Years later KeePassXC[1] was forked and slowly growing.

[0]
[https://github.com/keepassx/keepassx/pull/52](https://github.com/keepassx/keepassx/pull/52)

[1]
[https://github.com/keepassxreboot/keepassxc](https://github.com/keepassxreboot/keepassxc)

------
gleb
If they have access to URLs that's even more bad than it seems. The URLs are
often registration form urls and can have secret data as url parameters.

LastPass needs to comment on this. It looks pretty bad.

------
zeveb
The (otherwise excellent) Password Store program effectively does the same
thing.

Folks, encrypt _everything_. Anything less is profoundly foolish.

------
EGreg
I have a question to all the hackers here about personal identity managers and
UX. There are projects to decentralize personal identity and move away from
passwords, such as Solid ([https://solid.mit.edu](https://solid.mit.edu)) and
our own project, Qbix
([https://qbix.com/platform](https://qbix.com/platform)).

The WeChat article recently posted shows one major thing about user behavior
and UX architecture.

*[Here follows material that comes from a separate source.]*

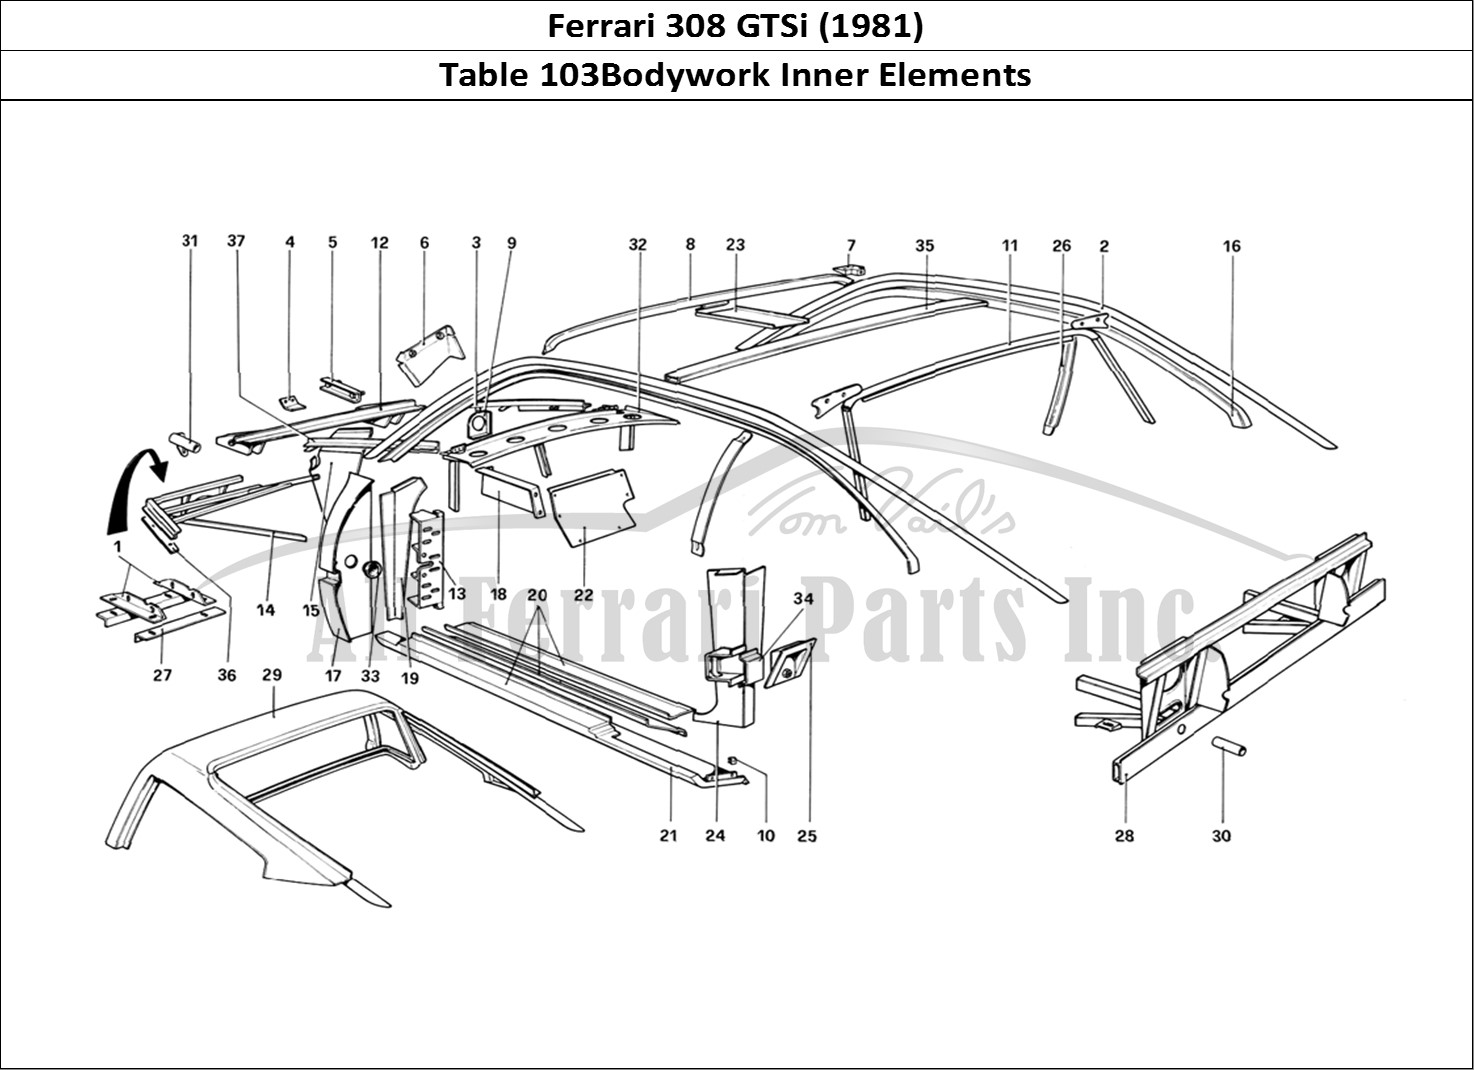 Buy original Ferrari 308 GTSi (1981) 103Bodywork Inner

Users actually prefer to have one APP on their phone
representing their social identity, have all their notifications, contacts,
etc. from all different communities in the app.

So this probably means that the "personal identity server" should have some
default protocol to receive notifications (encrypted with user's public key)
and an APP for iOS and Android. The server would have rules for processing
notifications and may notify the user (eg it may stop after the first 5 or set
do not disturb where only the badge updates). Upon opening the app the user
would see all the notifications from all the other services (they would be
fetched and decrypted). And those notifications may contain deep-links back
into flows that generated the notifications, eg a chat.

What is also nice is if you can have these rules be general purpose hooks that
run on the client in some isolated JS environment. Then for example you can
update the list of ids that a user's contacts have on different services (if
you have pairwise anonymity) in the background. And next time you visit a
website the auth extension/library/app can offer to connect you with those
people on that website.

I think the Personal App should display badges corresponding to the # of
websites that have caused notifications, not the # of notifications. The
latter should appear only when you open the app and see the list of relying
party websites. Then each website can have a # of notifications next to it and
the can be sorted eg by most recent or most urgent notifications.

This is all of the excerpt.